Post Doctoral Research Associate in the Department of Geography
Fax: +44 (0) 191 33 41801
Room number: S205

Contact Dr Hung-Ying Chen (email at hung-ying.chen@durham.ac.uk)

Biography

My research focuses on the socio-economic life of urban airspace. I am interested in the urban economy of air rights, the policy-making capacity, market dynamics, and the complex socio-material transformation they evolve. My PhD research builds its empirical focus on urban Taipei, Taiwan. It studies how urban airspace is not only made into property rights but also an investment vehicle on its own rights. Theoretically, it takes stock from cultural economy resources into rethinking urban geographical debates in financialization, politics of value/valuation, and the property politics within ‘rights to the city’ discourses. 

Currently, I am affiliated with the ERC-funded DenCity project, where I collaborate with colleagues in exploring various ways that people perceive, experience, operate, and engage with urban density and intensity.
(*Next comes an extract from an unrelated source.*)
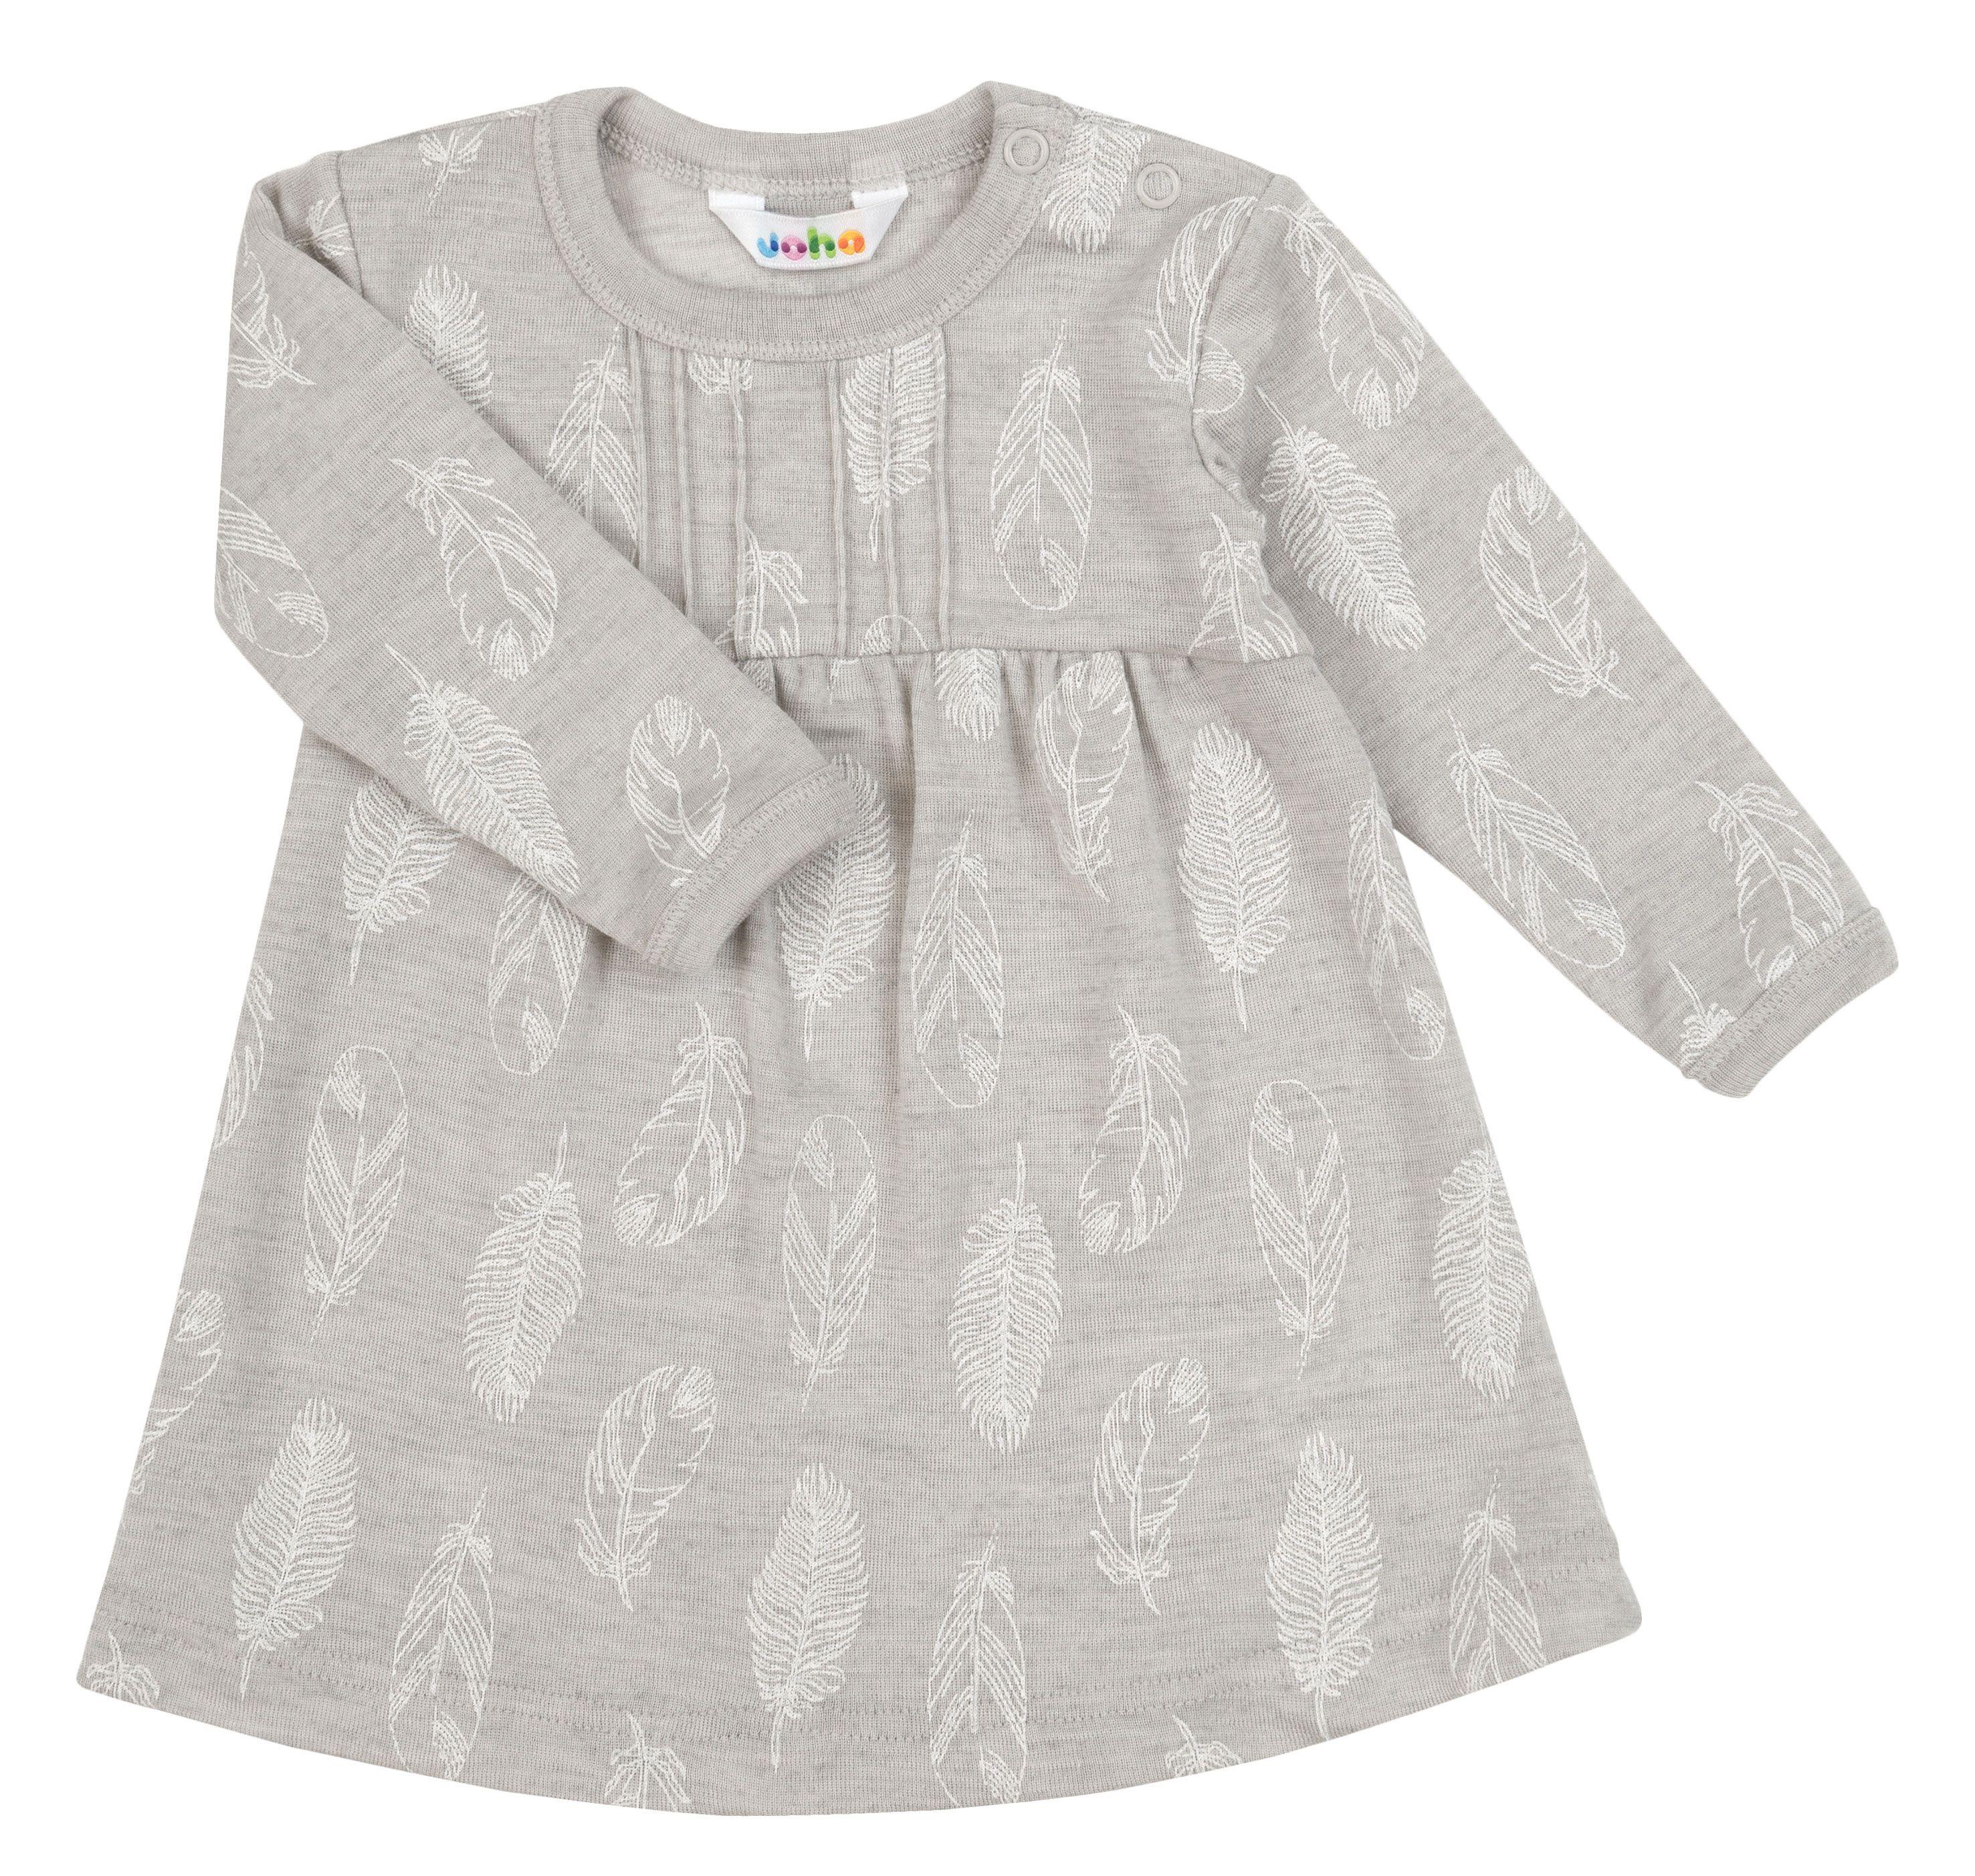 Image of Kjole fra Joha i uld-silke m. Grey Feathers (46121-195-3079)

Sharing this broad inquiry, my postdoctoral project is developed around two sets of concern: (i) on Vertical Density.This thread is partially informed from my PhD research on the making of urban verticality. I will further expand the scope of comparison into vertical dwellings in Hong Kong and Mumbai. (ii) on Exchange Intensity. This thread explores the historical dynamics and urban politics of informal markets, especially the market exchange as the formal and informal processes, and their local ecologies in Hong Kong and Mumbai. 

In brief, my research offers an interconnected genesis – urban air rights - to develop relational understanding across various urban domains – such as housing, infrastructure, urban finance, and historical conservation. This contributes to a novel approach for rethinking how the socio-cultural transformations of urban accumulation regime (i.e. urban financialization) take place differently from the established Anglo-American empirics. This also informs my longstanding concerns on how to better understanding the urban dispossession politics in East Asia and beyond.

I work collaboratively with people from Taiwan Alliance of Anti-Forced Eviction (2013-present). Prior to completing my PhD in Durham, I acquired the PhD candidate at the Graduate Institute of Building and Planning, National Taiwan University (2011-2014), volunteered with Taiwan Alliance for Victims of Urban Renewal (2010-2014); and worked with Asian Regional Exchanges for New Alternatives based in South Korea (2008-2010).